As the U.S. economy recovers from the 2001 recession—a shorter and shallower recession than the one that occurred a decade ago—the same concerns are before us. Economic expansion no longer delivers better economic times to most workers. And on top of that, today's President Bush seems even more determined than his father to reserve the benefits of that economic growth exclusively for the super-rich.

—John Miller

Lee Sliwinski is a 50-year-old unemployed factory worker in Wyandotte, Michigan. He drove a forklift for 20 years at the Firestone wheel-rim factory about 10 miles south of Detroit. And he was making a pretty good wage—$10.50 an hour—when Firestone laid him off along with 600 other workers during the 1982 recession. Since then, Sliwinski told the Wall Street Journal, he has gone on welfare twice, lost another factory job in the auto industry, and finally about four years ago landed a job as a janitor. It paid less—$8.50 an hour—in 1988 wages. Then the current recession hit, and about a year ago Christmas he lost that job as well.

For many Americans, Sliwinski's story is all too familiar. Downward mobility in the 1980s. Layoffs followed by lower paying jobs. Unemployment. To these people and many others, the current economic slump looks nine feet tall.

All this has left economic pundits scratching their heads. If you analyze the economy solely by traditional economic measures, it is not in a recession at all. Last year the economy grew, if not by much, in three quarters out of four. Has the U.S. economy entered some reverse wonderland where the traditional definition of recession—two consecutive quarters of negative real growth—has lost its meaning?

Perhaps it has. Since 1973, argues Wallace Peterson, a Keynesian macroeconomist at the University of Nebraska, a "silent depression" has haunted the U.S. economy, unrecorded in the economic log books that chart the recessions and expansions of the traditional business cycle. The 1980s, and now the 1990s, have shown that economic growth and improved productivity do not automatically translate into improved living conditions and purchasing power for most workers and families. Despite economic growth in the last decade, workers' standard of living has deteriorated and income inequality has worsened.

Forty-two economists surveyed by the Wall Street Journal have predicted the economy will "recover" in the second half of 1992. By traditional standards it may. But how many people will it help? Most economists, like Robert Reischauer, director of the non-partisan Congressional Budget Office, expect only a modest snap-back that will barely improve life for most workers. Even after the recovery begins, some large corporations have already stated they will continue to slash wages and lay off workers.

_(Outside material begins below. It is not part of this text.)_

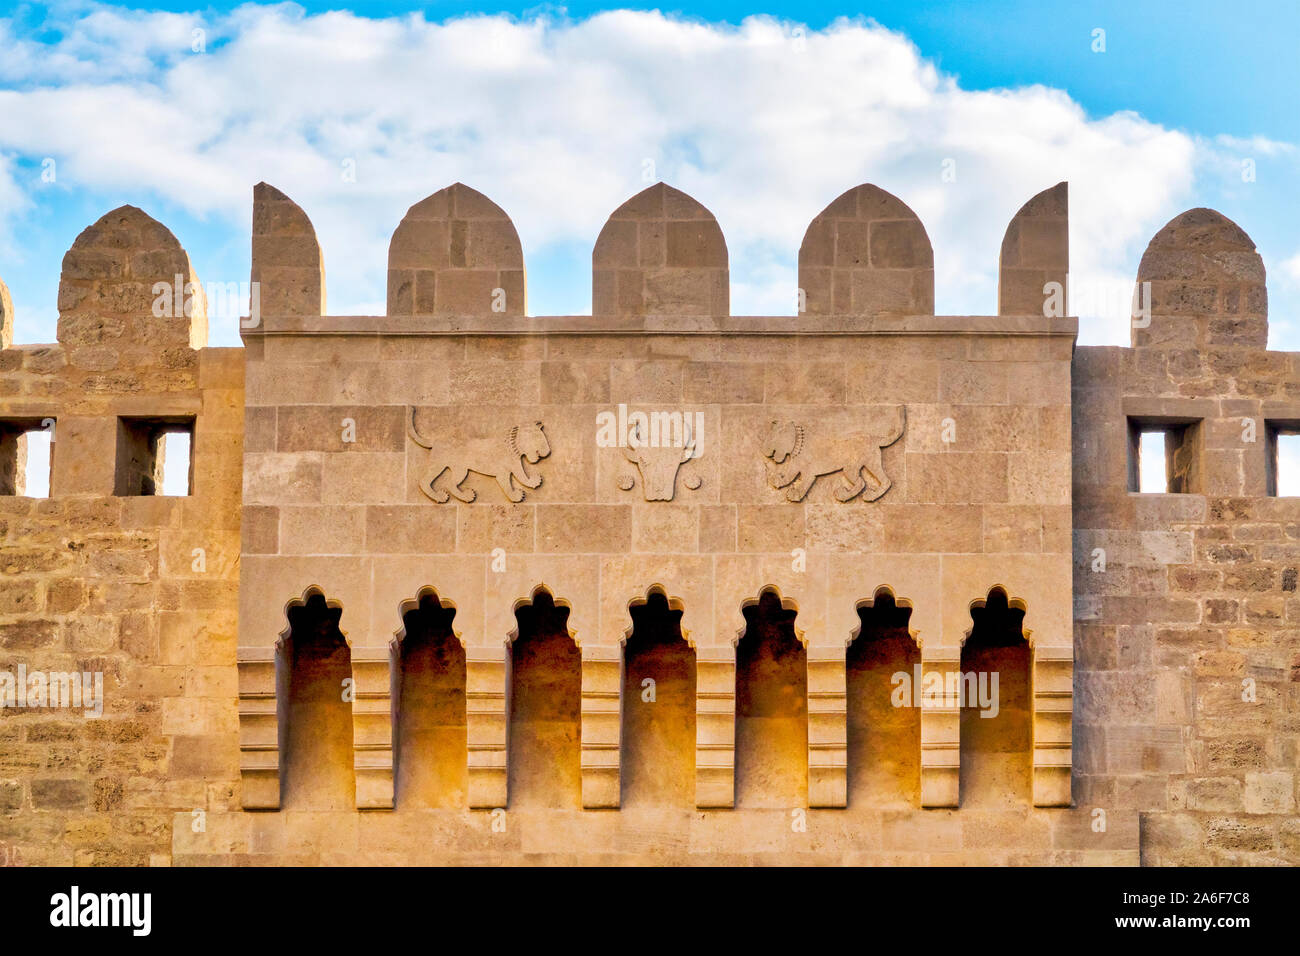 Les armoiries de la ville de Bakou, deux lions gardant un taureau gravés sur les murs de l'Icheri Sheher, Bakou, Azerbaïdjan Banque D'Images

And that's the problem. Unless companies invest in their labor force, they won't improve innovation and productivity. And without those improvements, true economic recovery won't happen. Stagnation—slow growth and deteriorating living standards—may well be the hallmark of the 1990s economy.

Unconventional Recessions

The current recession, which began in July 1990, has already lasted four months longer than any other recession since World War II. Despite its length, conventional measures suggest the recession has been more mild than deep. Output, as measured either by Gross Domestic Product corrected for inflation or industrial production, has dropped off only half as much as it did in 1982. And as of January, the official unemployment rate has barely exceeded 7%, well below the double-digit levels of the 1981-82 recession.

But these figures mislead us on the depth of economic stagnation. Over time, the unemployment rate has increasingly underestimated the number of people unable to find full-time work. The number of people forced to work part-time is nearly as high in this recession as in the deeper 1982 recession. And unemployment is widespread. One out of four households had at least one person out of work during the last 12 months, reports the Conference Board, a business research organization based in New York. As Alan Greenspan, chair of the Federal Reserve Board, says, "Don't look at [official unemployment rates] and say that everyone is in good shape because clearly they are not."

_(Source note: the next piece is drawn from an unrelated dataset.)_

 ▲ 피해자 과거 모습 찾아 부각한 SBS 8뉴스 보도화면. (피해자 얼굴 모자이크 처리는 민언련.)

Unlike previous recessions, this recession has hit service and white-collar workers, including middle-level managers, in sizable numbers. For instance, more than half a million sales workers have lost their jobs. In contrast, during the 1981-82 slump, the economy actually added more than three quarters of a million white-collar jobs.

Because this recession follows an equally long period of slow growth, output measures also mislead us. The back-to-back years of recession and slow growth paint an alarming picture of stagnating output. Since 1988, the— economy has grown an average of less than 1% per year—the second slowest period of growth sustained over any three-year period since World War II. Only the back-to-back recessions of 1980 and 1981-82 registered a worse growth record.

And the economy's financial institutions are more fragile today than at any time since the Great Depression. Record levels of debt and bankruptcy propel this recession. A decade of corporate mergers and buyouts, the overbuilding of commercial real estate, households struggling to maintain their spending, and persistent budget deficits have pushed the economy deeper in debt. Outstanding nonfinancial corporate debt grew from 30% of Gross National Product (GNP) in 1980 to 39% of GNP in 1990. The typical consumer now carries over 90 cents of debt for every dollar of after-tax income, a postwar high. Despite repeated promises from the Reagan and Bush administrations to balance the federal government's budget, the gross federal debt practically quadrupled from 1980 to 1991.

Record debt has meant record bankruptcies—well beyond even 1982 levels. Business failures in the 1980s doubled compared with earlier in the postwar period. The agency in charge of insuring bank deposits, the Federal De/posit Insurance Corporation (FDIC), predicts between 200 and 240 banks will fail in 1992. That's more than five times the number in 1982. And more than one million families declared bankruptcy over the last two years, about twice the number who went belly-up in the 1982 recession.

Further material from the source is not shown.